Both courses are based on the same content, differing only in the programming language used. They're aligned with a free book available at www.statlearning.com.

These courses offer an extensive introduction to statistical learning methods, crucial for anyone pursuing a career in data science. The authors are renowned figures in the data science community, and this book is frequently recommended on various Data Science, Machine Learning, and AI subreddits.

Why These Courses Are Beneficial:

  1. Relevance to Data Science: These courses emphasize statistical learning, an essential skill for data analysis and interpretation. They serve as an excellent bridge from basic programming and statistics to advanced model building.

  2. Curriculum Integration: They address gaps in the current curriculum with a focused approach to statistical learning techniques.

  3. Expert Instruction: Taught by leading experts, these courses are acclaimed for their clarity and depth. Larry Wasserman, a respected Professor in Statistics and Machine Learning, endorses the course book.

  4. Accessibility: Both courses are available for free on the EdX platform, and the book can be downloaded from the course website. Python labs can be found at this GitHub repository, and the course website provides direct files for both R and Python.
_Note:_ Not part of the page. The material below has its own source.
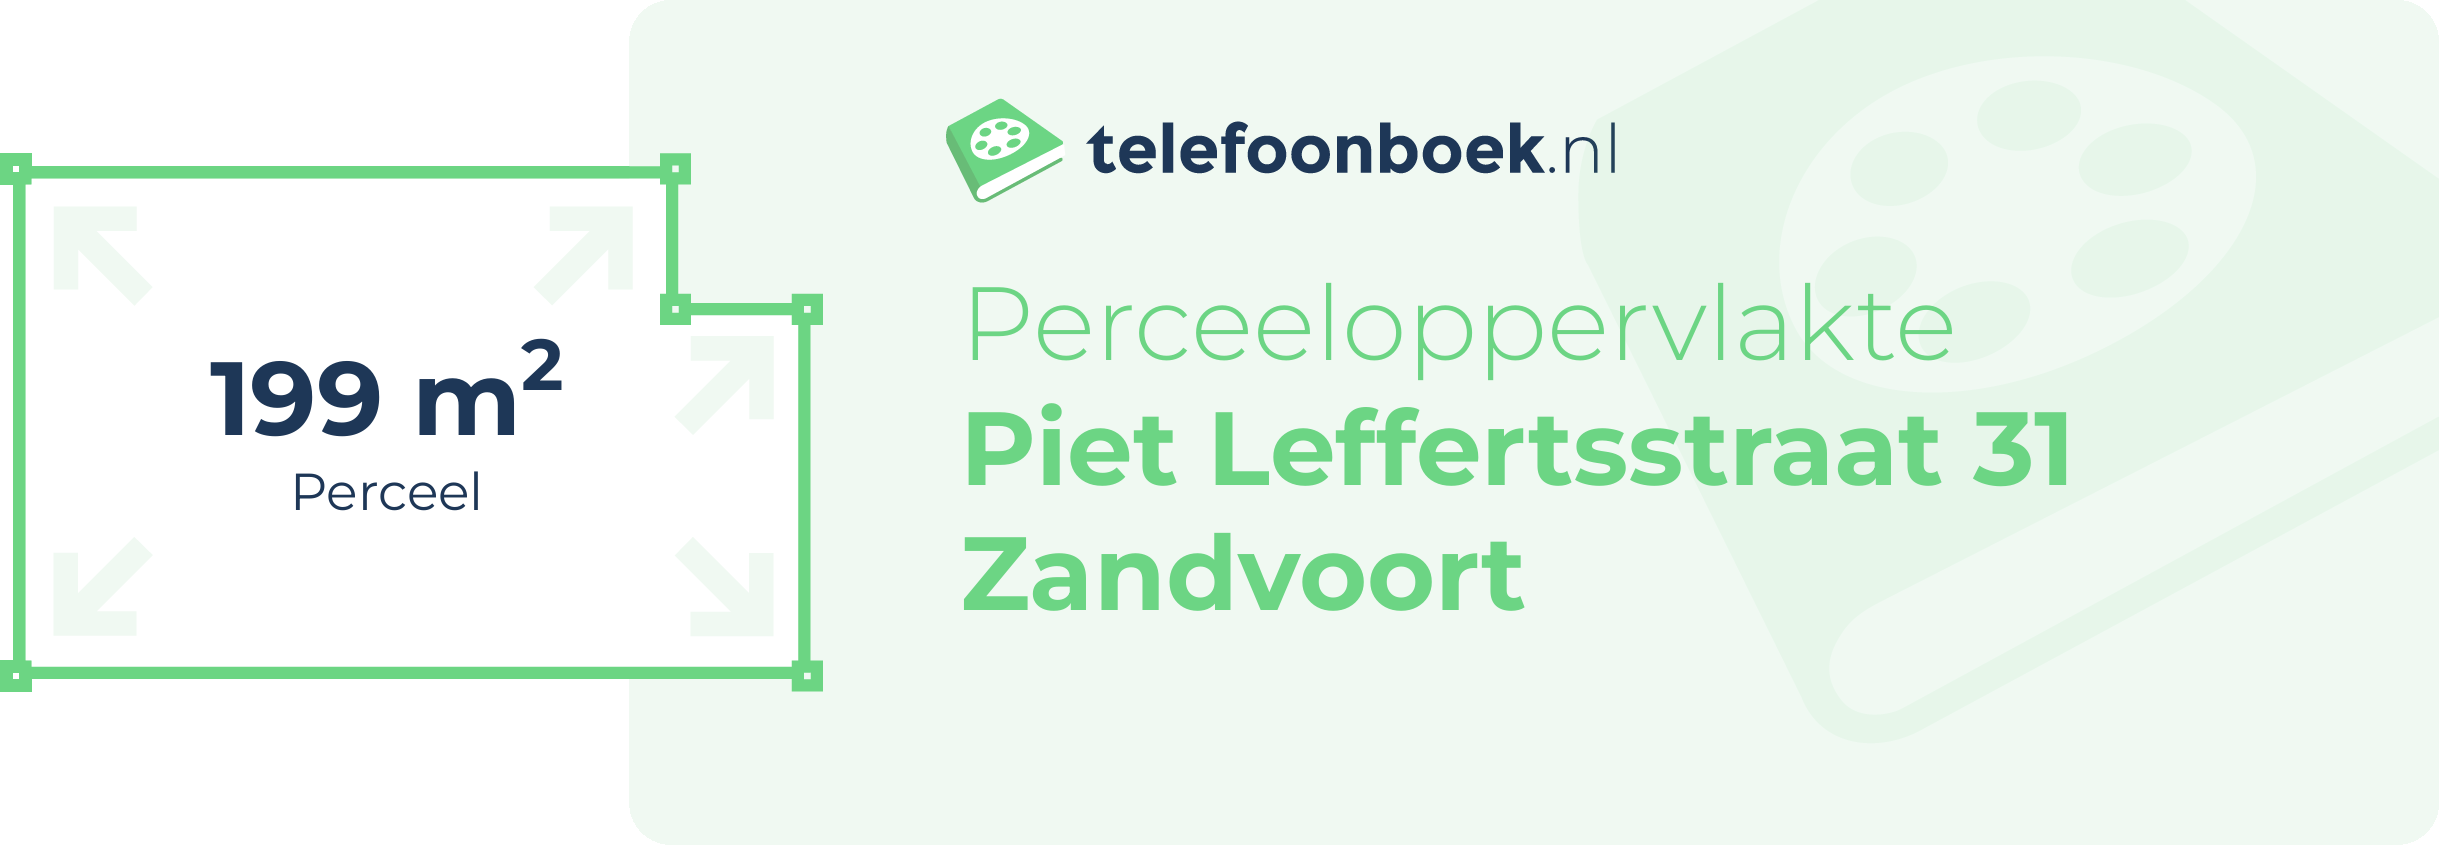 Perceeloppervlakte Piet Leffertsstraat 31 Zandvoort

  5. Framework Flexibility: The program offers a choice of frameworks including PyTorch, TensorFlow, Keras, etc.

  6. Practical Application: The courses include hands-on exercises and real-world examples, ensuring practical understanding and application.

These courses are an invaluable resource for anyone aspiring to deeply understand and apply data science principles.

waciumawanjohi commented 7 months ago

@Smcgb The course describes itself as an "introductory-level course in supervised learning", so would follow an introduction to statistics.

Can you open a separate RFC to recommend the addition of this course to the curriculum? We'll leave the RFC open for 1 month for others to comment. The change looks like a positive one to me. After a month comment period we can include the course in the curriculum.

One optional edit that you can make to the RFC, is to link to some of the recommendations for the book that you mention.

Thanks for looking for ways to improve the curriculum!